#### [TASK GOAL]
The answer must consist only of the lines from the line with "Park Art|My WordPress" to the line with "Leah Diprose Photography image-1588.jpg", both included, exactly as they stand below.
╭─ DATA RECORDS
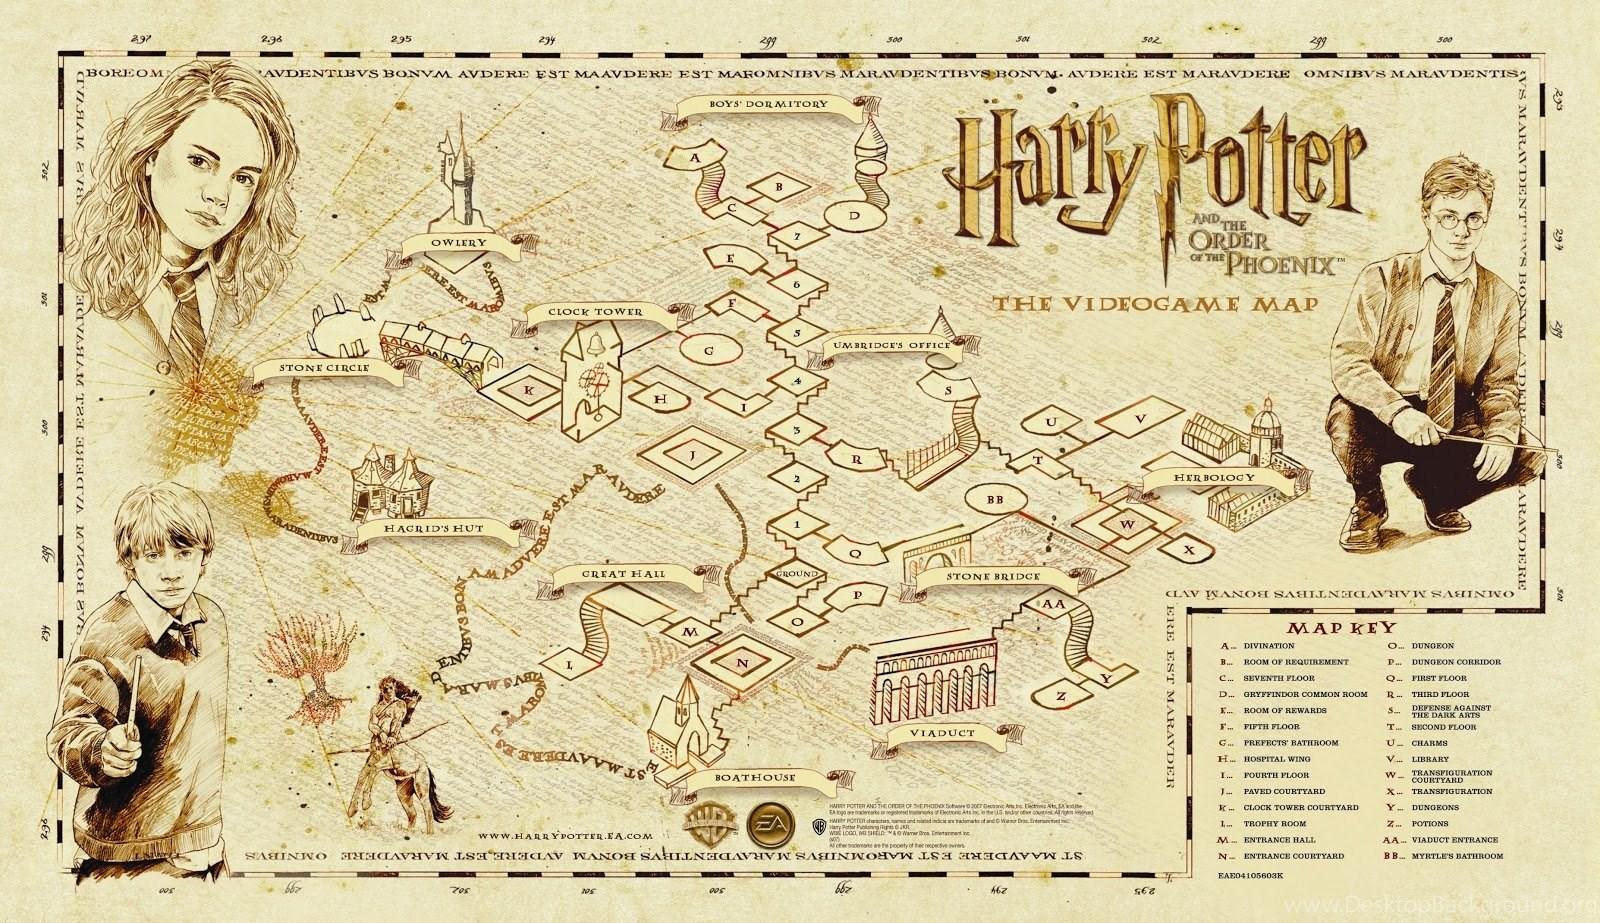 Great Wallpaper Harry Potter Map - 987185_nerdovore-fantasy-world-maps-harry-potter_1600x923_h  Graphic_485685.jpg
╰─
╭─ DATA RECORDS
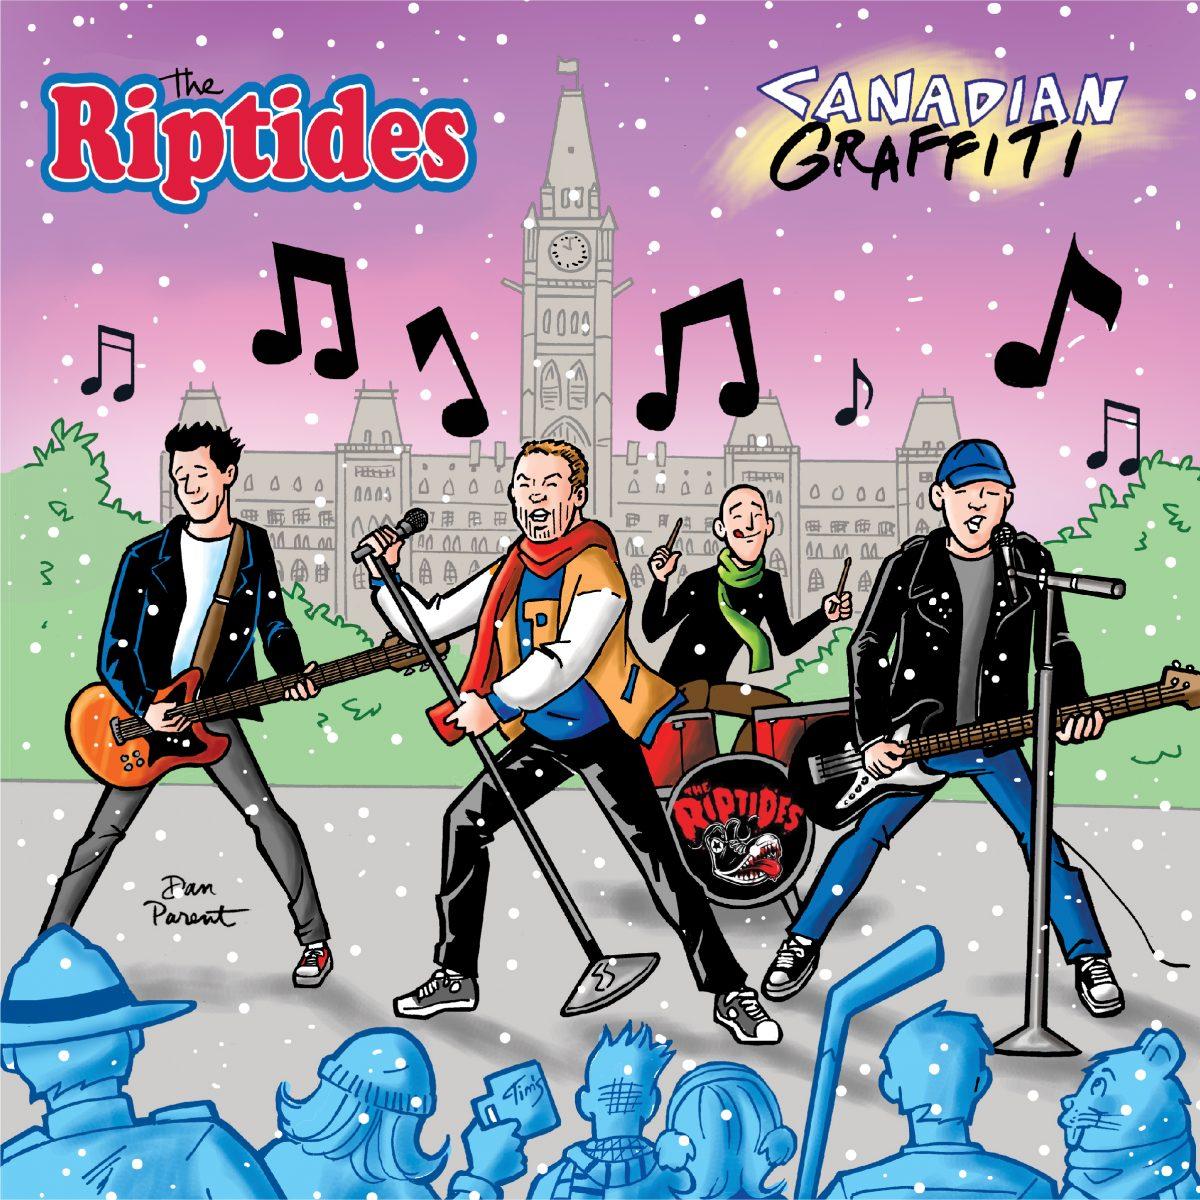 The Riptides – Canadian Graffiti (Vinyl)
╰─
╭─ DATA RECORDS
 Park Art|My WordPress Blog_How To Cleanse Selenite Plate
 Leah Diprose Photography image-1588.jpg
╰─
#### [RESPONSE AREA]
 Park Art|My WordPress Blog_How To Cleanse Selenite Plate
 Leah Diprose Photography image-1588.jpg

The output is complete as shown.